I find myself unable to agree with the majority and therefore respectfully dissent.
The first error complained of is that the court failed to give certain requested instructions, and especially in failing to embody in the court's instructions the following assumption clause:
"* * * and the defendant had a right to assume that the plaintiff would obey this law until the defendant knew or in the exercise of ordinary care he should have known otherwise."
It was the contention of the defendant, and he and all of his witnesses testified, that at no time was his car on the wrong side of the road. So before the jury could possibly have found for the plaintiff it had to find that the defendant was on the wrong side of the road. If the accident was due, as it must have been, according to the verdict of the jury, to the fact that the defendant was on the wrong side of the road, the assumption that the plaintiff would obey the law would not in any way, as I see it, have influenced the jury in arriving at the verdict it did reach, and the failure to embody this clause in the instruction *Page 25 could not in any possible manner have affected the verdict of the jury. The failure to give it was certainly without any prejudice to the defendant.
In the case of Orr v. Hart, 219 Iowa 408, 258 N.W. 84, we have a very similar proposition. This court, speaking thru the late Justice Evans, said, at page 414, 258 N.W. at page 88:
"What would it avail, therefore, but confusion, to instruct the jury that the defendant could assume that the plaintiff would commit no negligence? The defendant had the full benefit of the issue of contributory negligence, and the jury found there was none. If the requested instruction (that the defendant had a right to assume the plaintiff would do no negligent act, contributing to his own injury) had been given, it could become effective only if the jury found in fact that there was contributory negligence."
So in the case at bar, there was no prejudice in the failure of the court to give this requested instruction, because the jury found by its verdict that the facts claimed to justify the giving of this instruction did not exist. Hence the giving of this instruction could not have changed the jury's finding in this respect.
I cannot agree with the interpretation placed upon instruction No. 7 in the majority opinion. Each of plaintiff's allegations of negligence required a finding that the defendant was on the wrong side of the road. The jury was specifically told to disregard all other acts which might appear to them to constitute negligence.
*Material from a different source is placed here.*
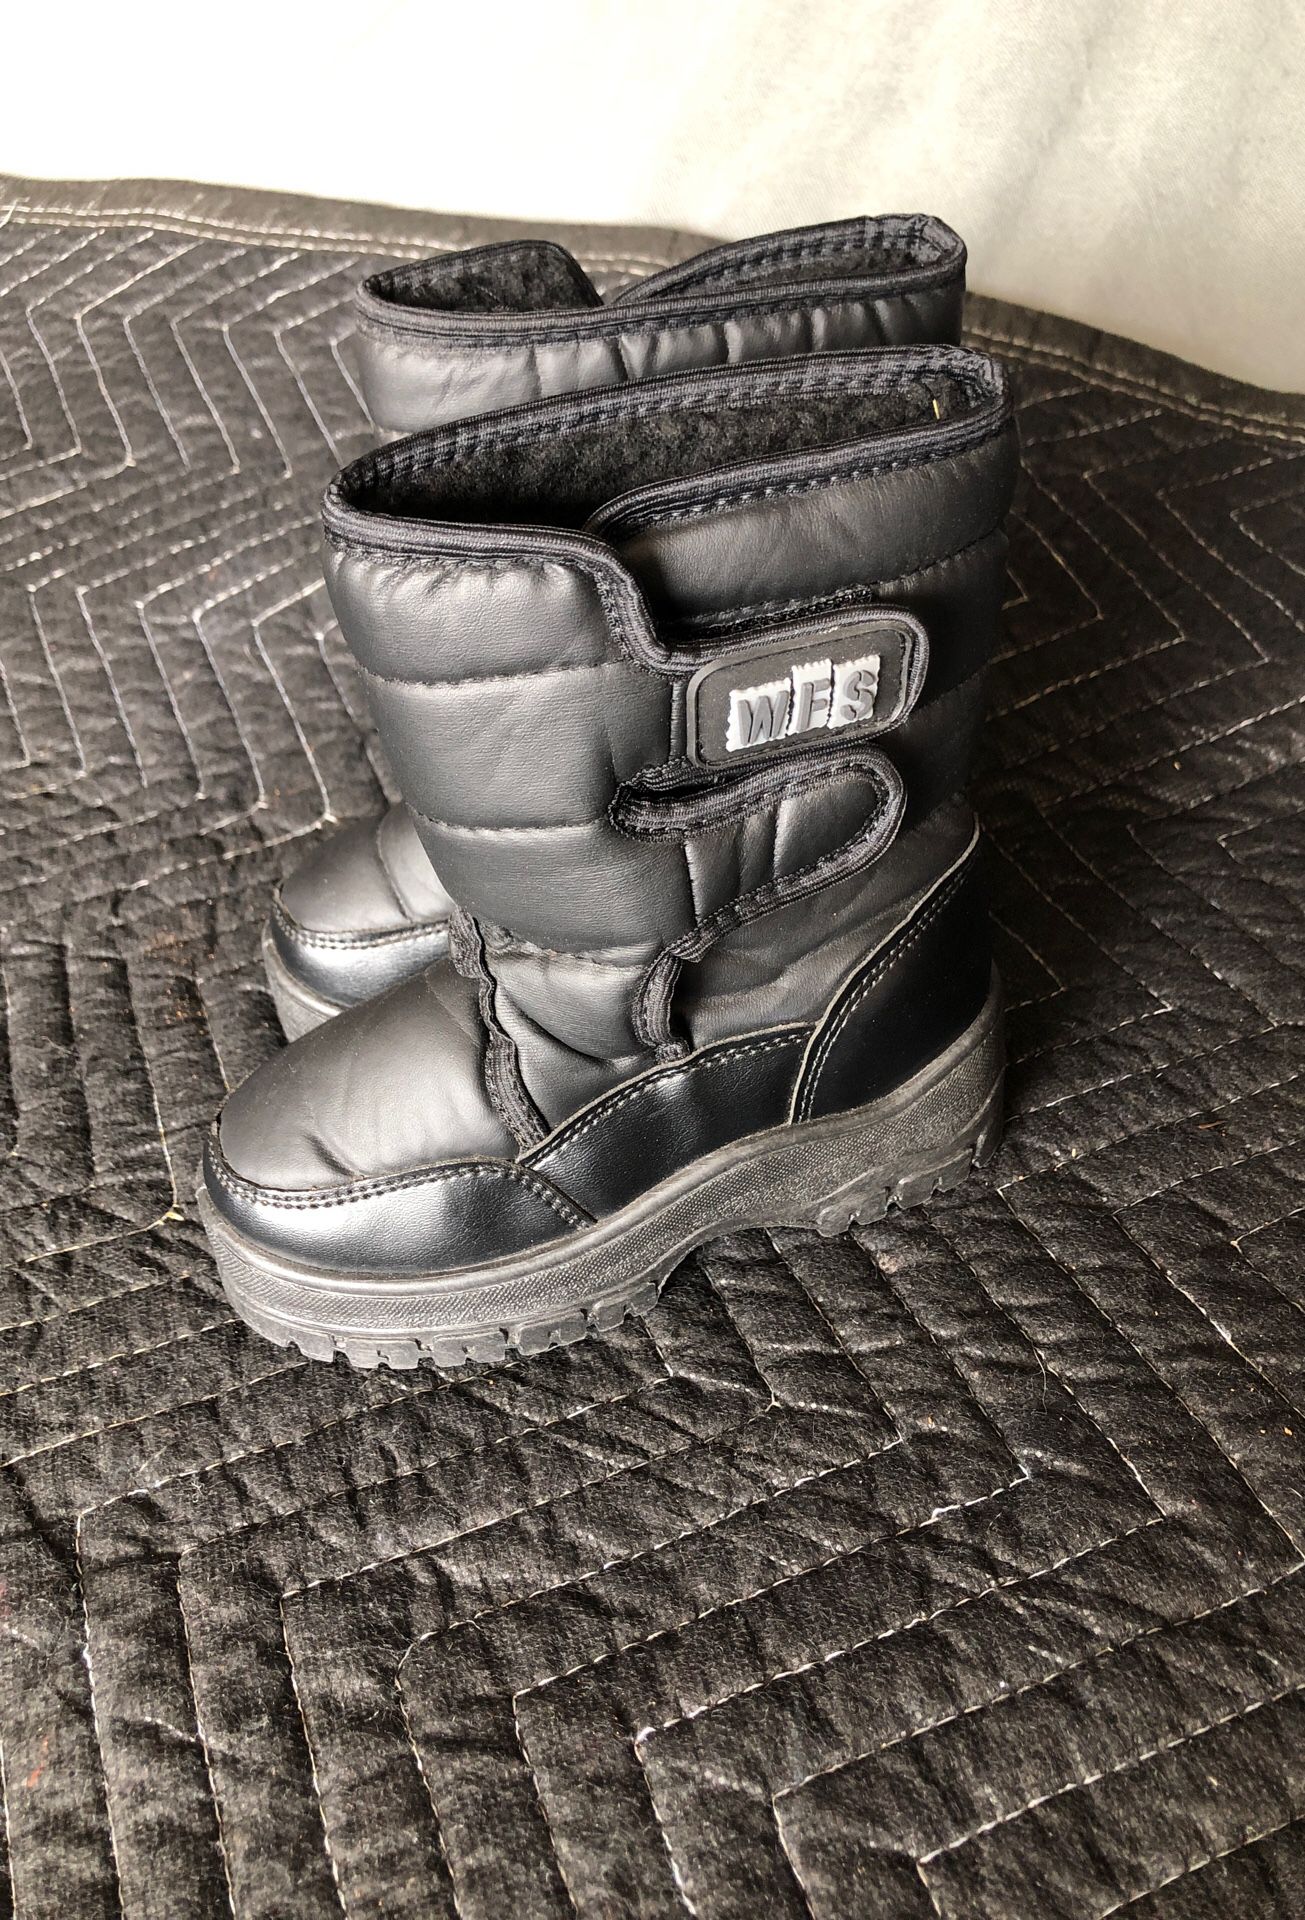 WFS kids snow boots size 9
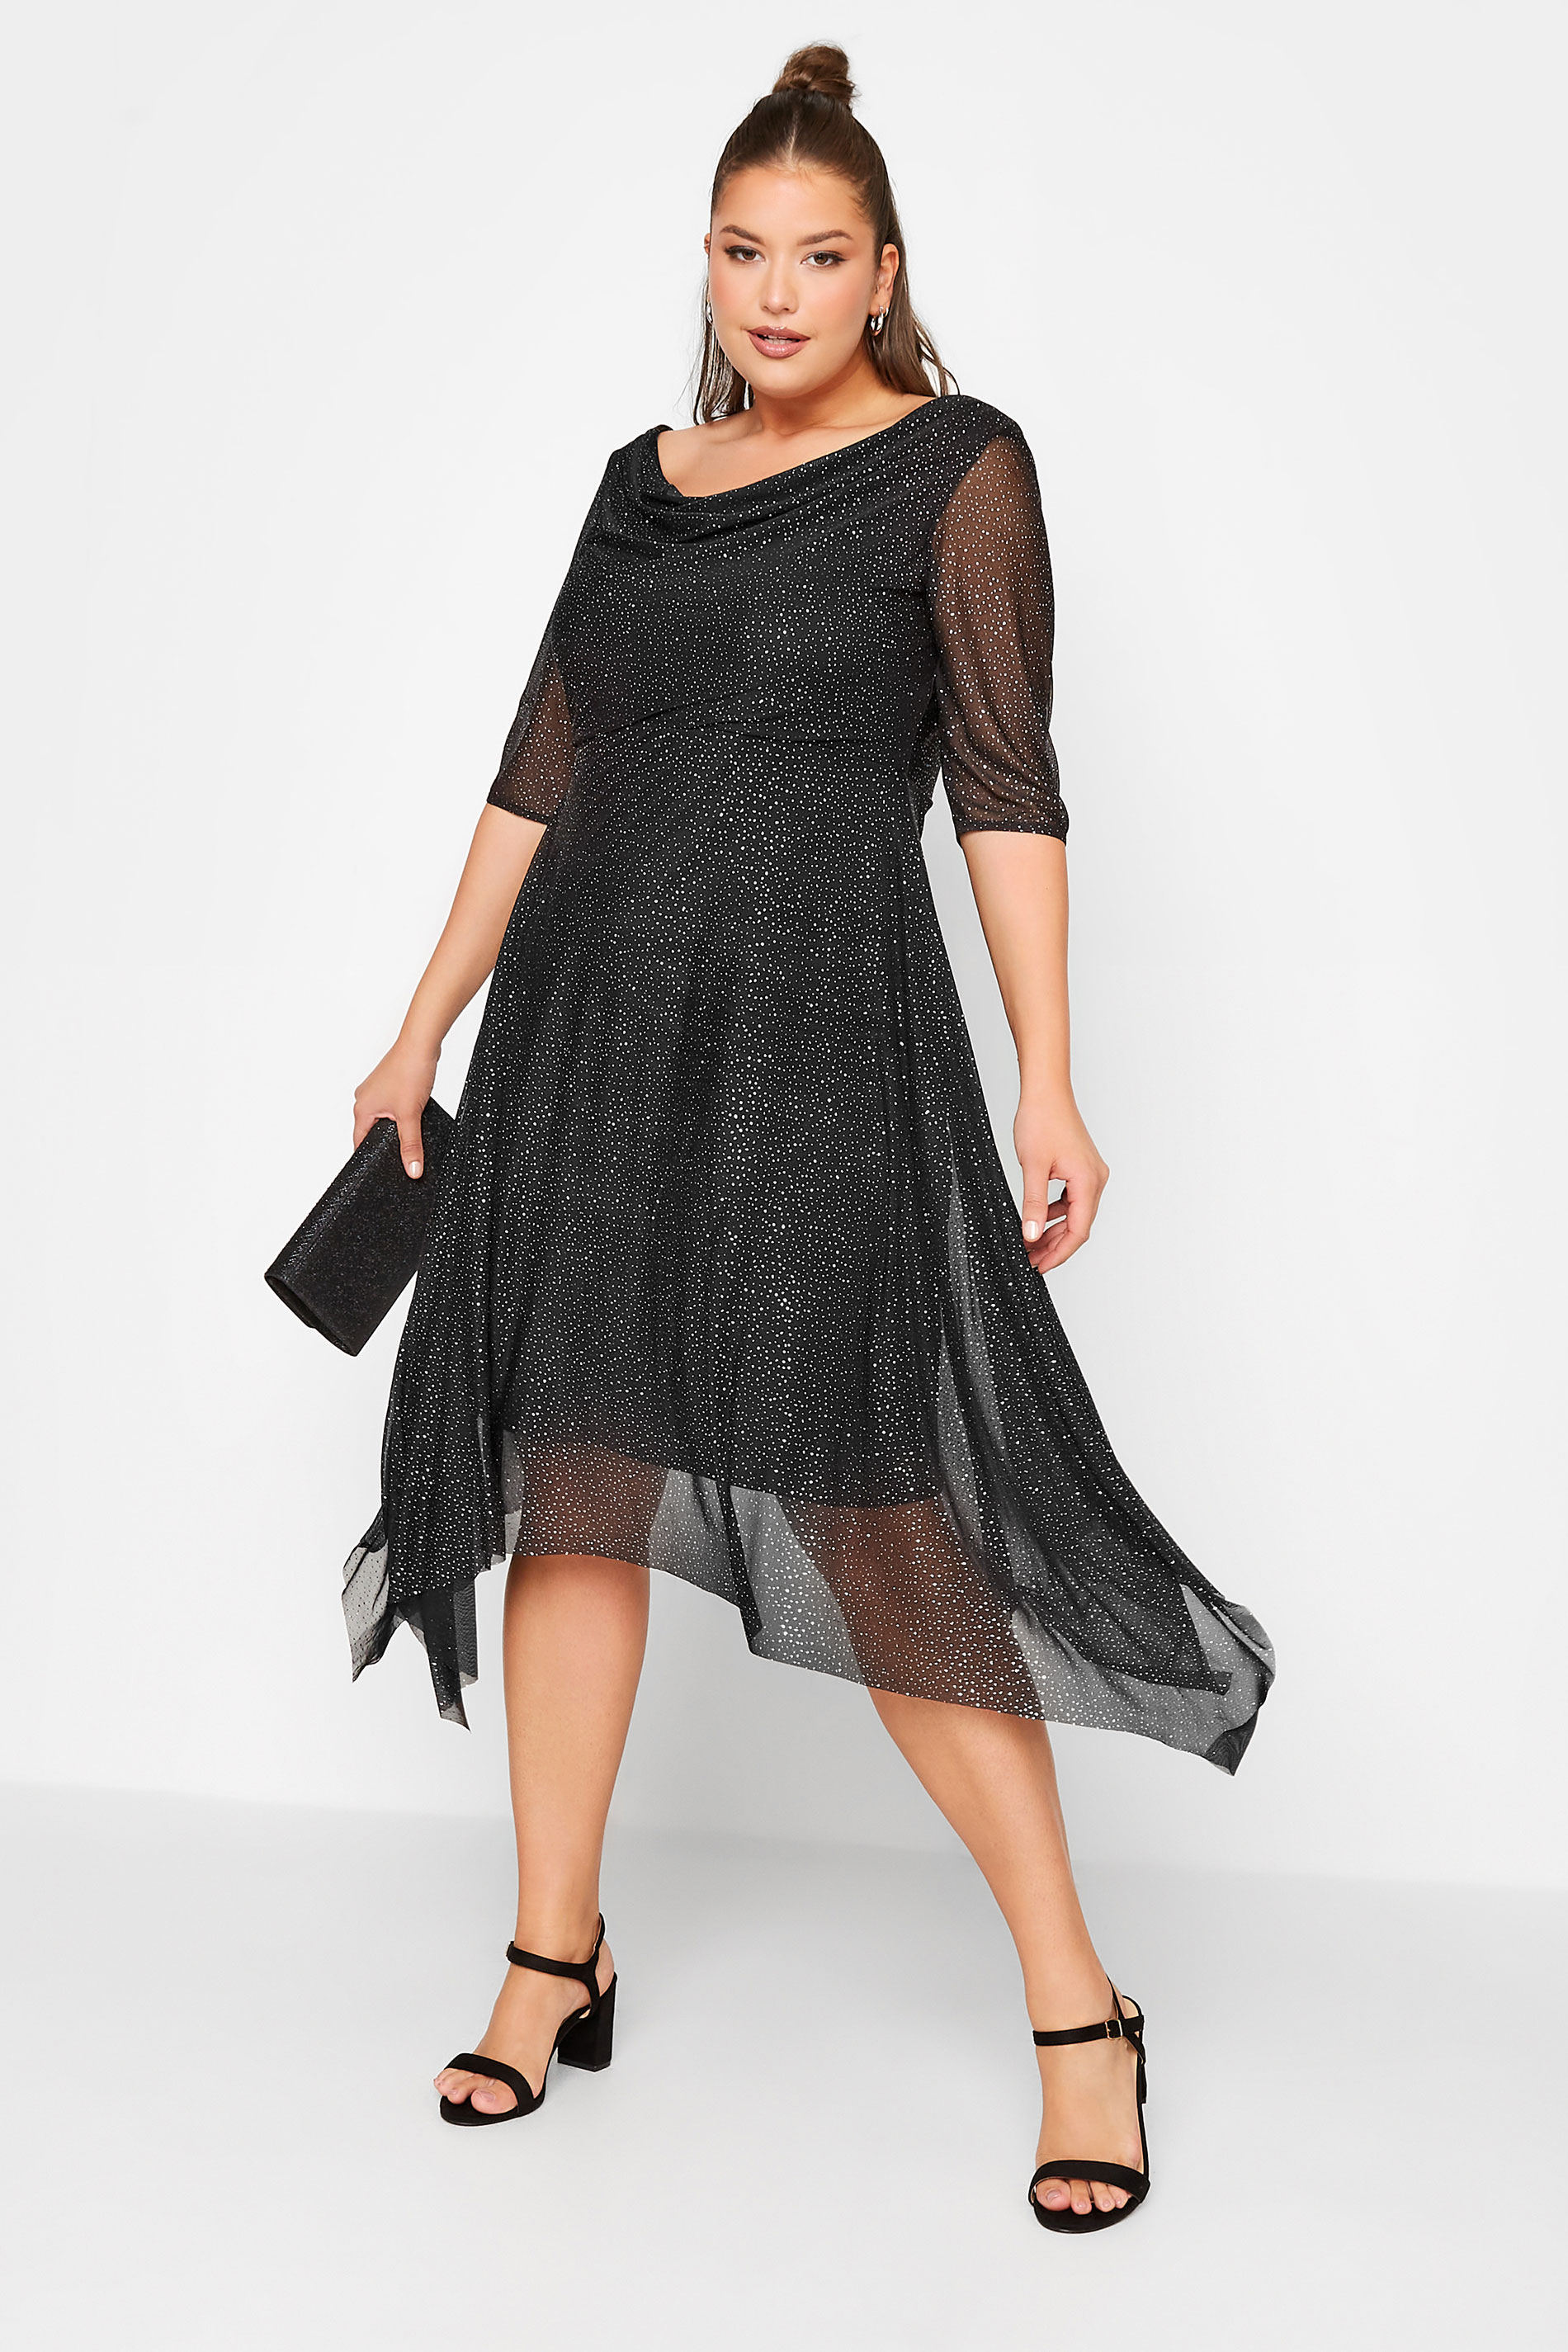 YOURS LONDON Plus-Size Curve Black Glitter Cowl Neck Midi Dress | Yours Clothing 1

In instruction No. 10 the court defined negligence for the jury. Instruction No. 11 set forth substantially the meeting and passing statute, and told the jury that a failure to comply with the same was prima facie evidence of negligence. The jury found that the defendant did not exercise ordinary care because he was on the wrong side of the road. The majority rely upon the case of Muirhead v. Challis, 213 Iowa 1108, 240 N.W. 912. It seems to me that case is not in point, for it contained six different specifications of negligence, some of which were not related in any manner to the meeting and passing statute. In the case at bar all of the specifications concern the meeting and passing statute and its violations. Under the evidence the jury was fully instructed as to the rules governing defendant's conduct, and the statutory duty that he owed in *Page 26 meeting other vehicles. Under the allegations of the petition the jury was not permitted any field of speculation because it was required to find that the defendant was negligent because he was on the wrong side of the road, before finding for the plaintiff.
The majority conclude with this statement:
"We might hesitate to reverse this case on some of the matters assigned as error and discussed herein if standing alone but taken all together we believe the ends of justice will be more nearly served by granting a reversal of this case, and by having the issues more fully and carefully presented to the jury."
Again I am in disagreement. This case is clearly one for the jury; even the majority in their opinion so admit. There was a conflict — a severe conflict — in the evidence. The case was submitted to the jury and the jury found for the plaintiff. In my judgment the reversal is based upon too technical a construction of the instructions. The late Justice Weaver expressed it far better than I am able to do, when he said in the case of Elliott v. Capital City State Bank, 149 Iowa 309, 319, 320, 128 N.W. 369,372:
"We think it must be said that no set of instructions ever yet framed by a trial Court could stand the test of an appeal if the severely critical and technical tests for which appellant contends were to be adopted and enforced by us. Instructions are of necessity prepared under more or less pressure to avoid interference with the progress of the business of the term. They are addressed to jurors unskilled in law, and unversed in legal phraseology. * * * The standards by which instructions are to be judged are not those which might properly be applied to a technical treatise prepared for the use of the profession."
*Page 27I would affirm the lower court's decision.